Your instructions
Starting at the line below holding "Kompozitní index k" and stopping at the line holding "rheumatica – Polymyalgia", print every line exactly, both ends included, and leave the rest out.

== Data in this exercise ==

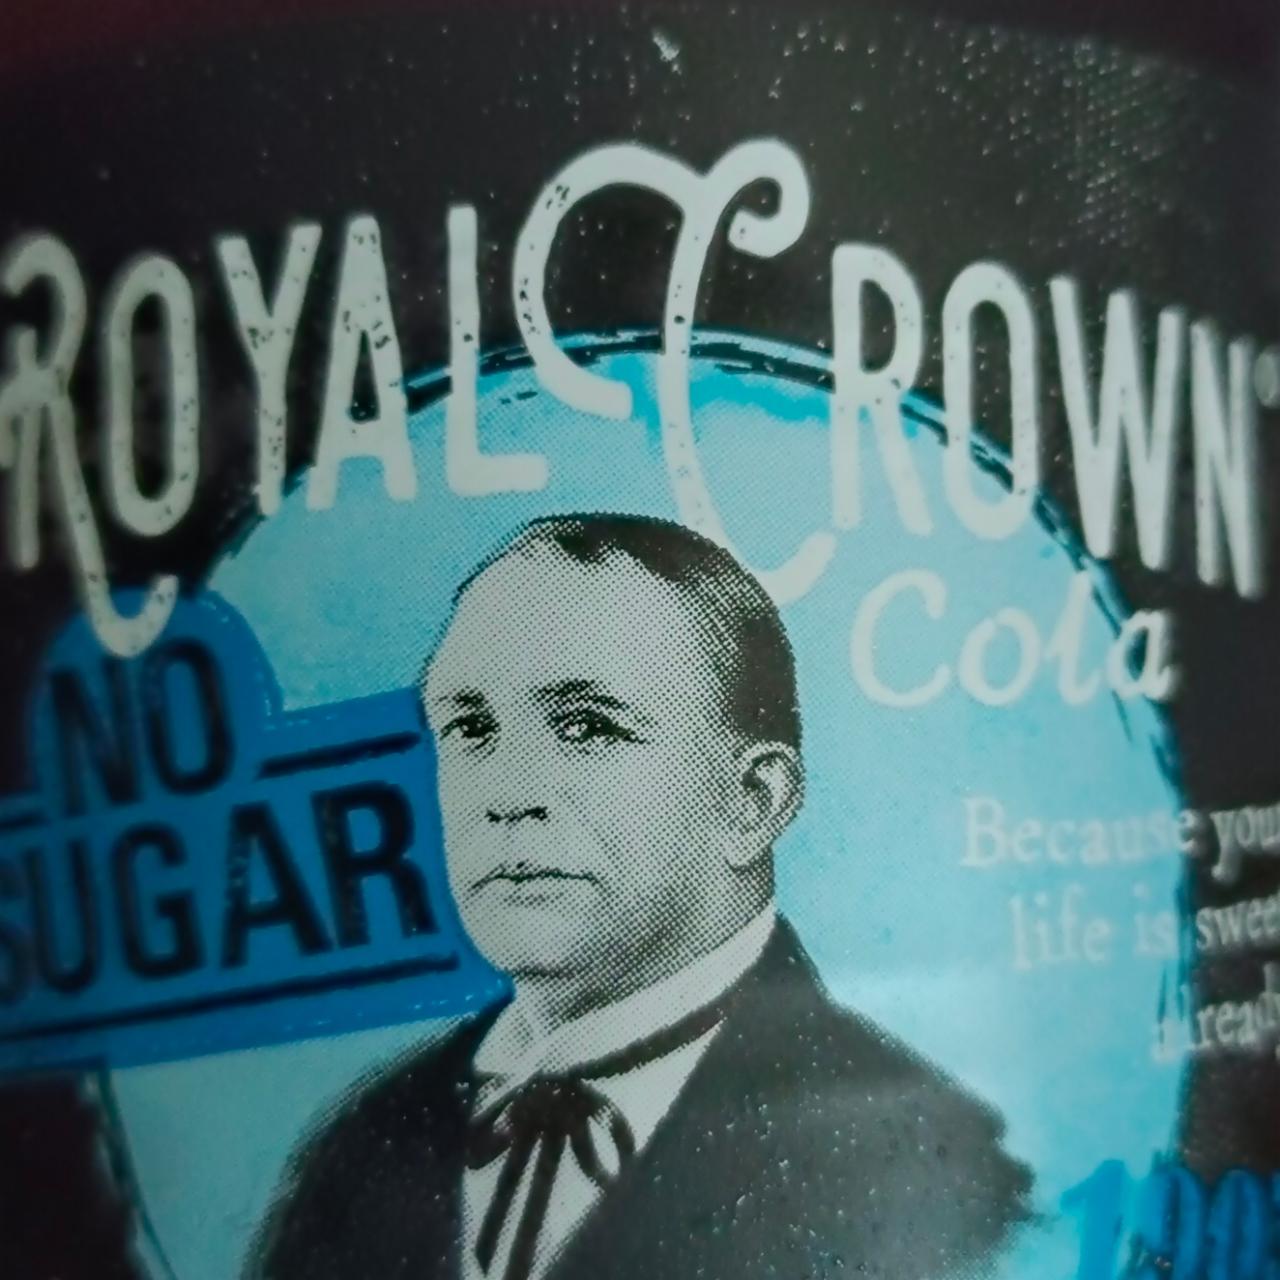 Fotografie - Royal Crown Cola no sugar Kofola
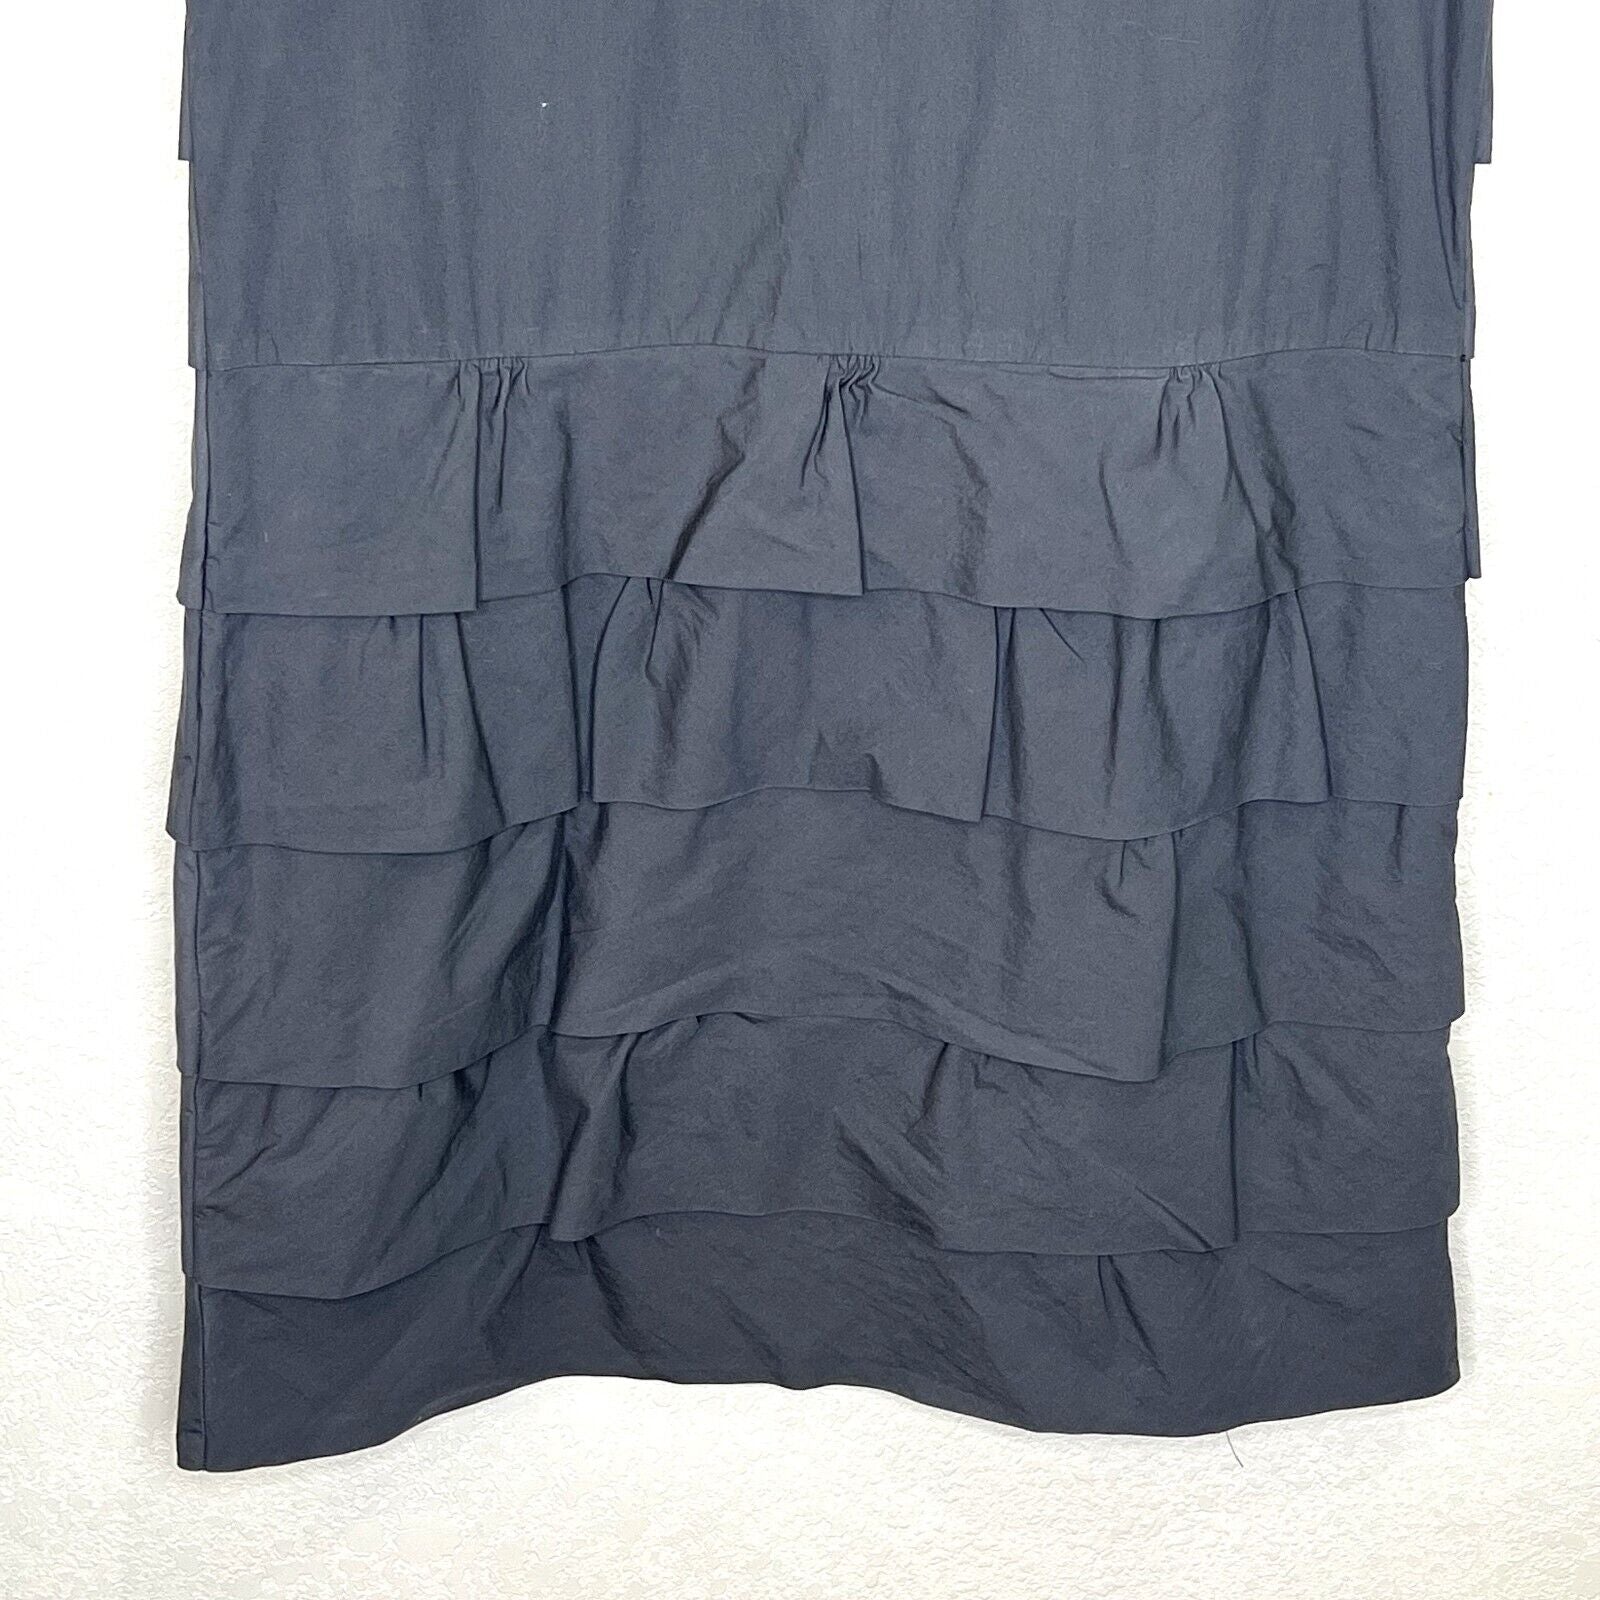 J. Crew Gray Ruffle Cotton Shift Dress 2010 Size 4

===
== Data in this exercise ==

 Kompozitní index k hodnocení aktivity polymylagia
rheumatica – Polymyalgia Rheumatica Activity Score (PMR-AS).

===

Answer box
 Kompozitní index k hodnocení aktivity polymylagia
rheumatica – Polymyalgia Rheumatica Activity Score (PMR-AS).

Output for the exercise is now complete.